The previous and next page tokens can be used to retrieve the previous or next page of results. If the previous or next page tokens are an empty string, then there are no more results. Use the previous_page_token or next_page_token as the URL query string value for page-token to fetch previous/next set of results.

List Multiple Extractor Errors

This API will return extractor errors for all of the request ID’s you send as a JSON array of strings.

POST /api/data/v3/activity/bulk/extractors

{"jobs": ["{request_id}", "{request_id}"]}
  • jobs - (string) The JSON object that contains an array of request_id’s.
  • request_id[] - (string) The request ID for a specific job

You will receive the following response in the same order as your array of request ID’s:

[
	{
		"request_id": "5dfd2a32e285d27ed8f17d46f29869d2",
		"extractors": [
			{
				"name": "black_scenes",
				"display_name": "Black Frames",
				"num_errors": 0
			},
			{
				"name": "drm",
				"display_name": "DRM",
				"num_errors": 0
			},
			{
				"name": "exiv2",
				"display_name": "EXIV2",
				"num_errors": 0
			},
			{
				"name": "hashes",
				"display_name": "Hashes",
				"num_errors": 0
			}
		]
	},
	{
		"request_id": "5dfd1289dc77d22895667329961ceece",
		"extractors": [
			{
				"name": "drm",
				"display_name": "DRM",
				"num_errors": 0
			},
			{
				"name": "exiv2",
				"display_name": "EXIV2",
				"num_errors": 0
			},
			{
				"name": "hashes",
				"display_name": "Hashes",
				"num_errors": 0
			}
		]
	}
]
  • request_id - (string) The request ID for this object
  • extractors[].name - (string) The actual name of the extractor that ran in this harvest.
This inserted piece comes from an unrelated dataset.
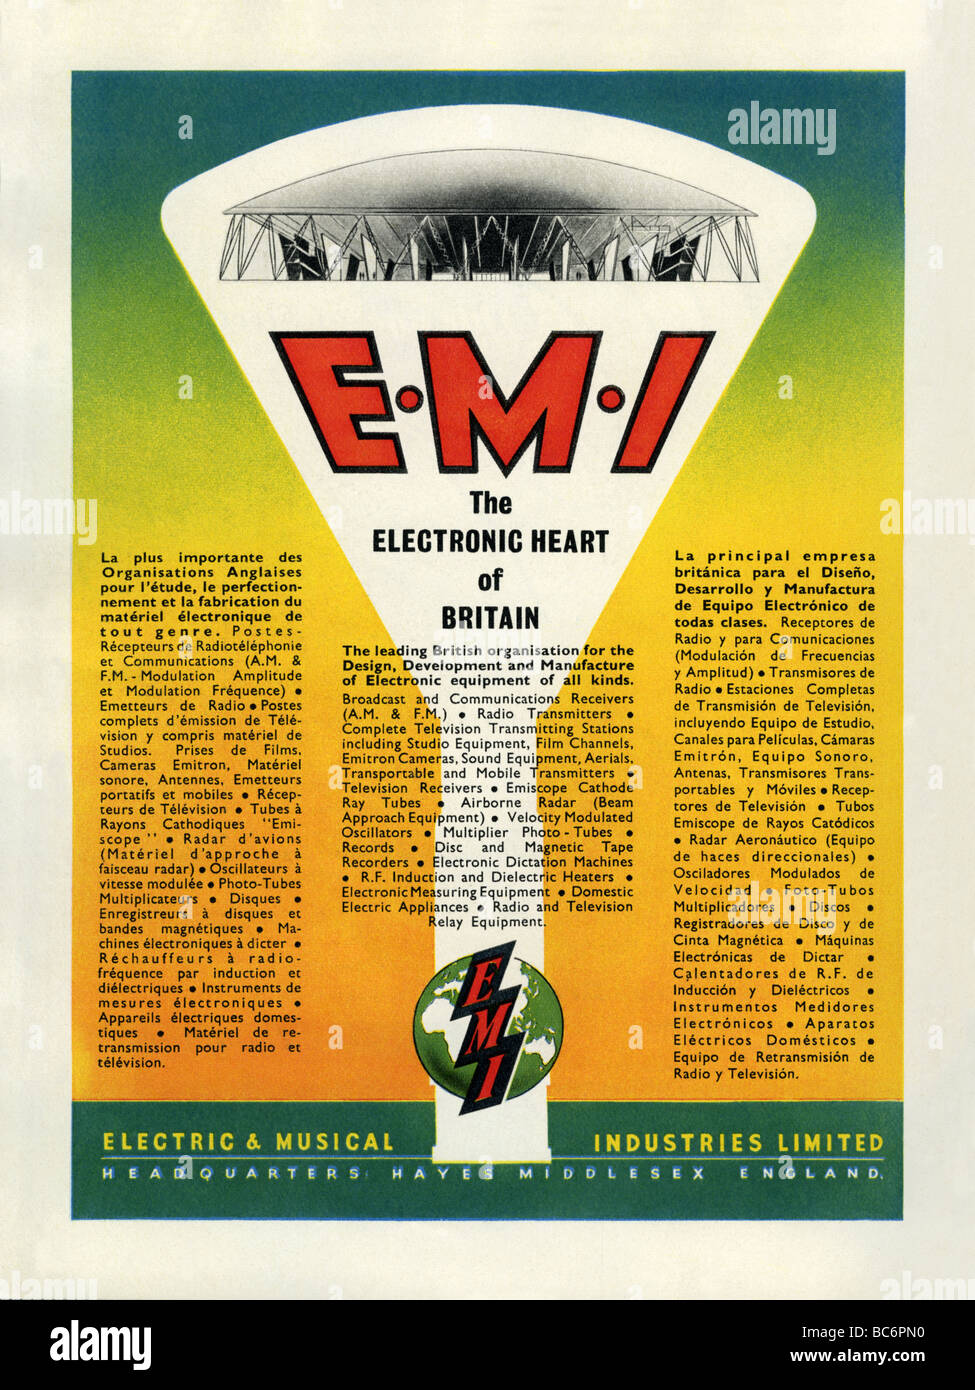 1951 colori per EMI (elettrico e industrie musicali), Hayes, Middlesex, Inghilterra Foto Stock

This value is used as {extractor} in all other Activity endpoint API requests.
  • extractors[].display_name - (string) The display name of the extractor that ran in this harvest
  • extractors[].num_error - (integer) Amount of errors the extractor caught

This documentation is generated from the latest version of GrayMeta Platform. For documentation relevant to your own deployed version, please use the documentation inside the application.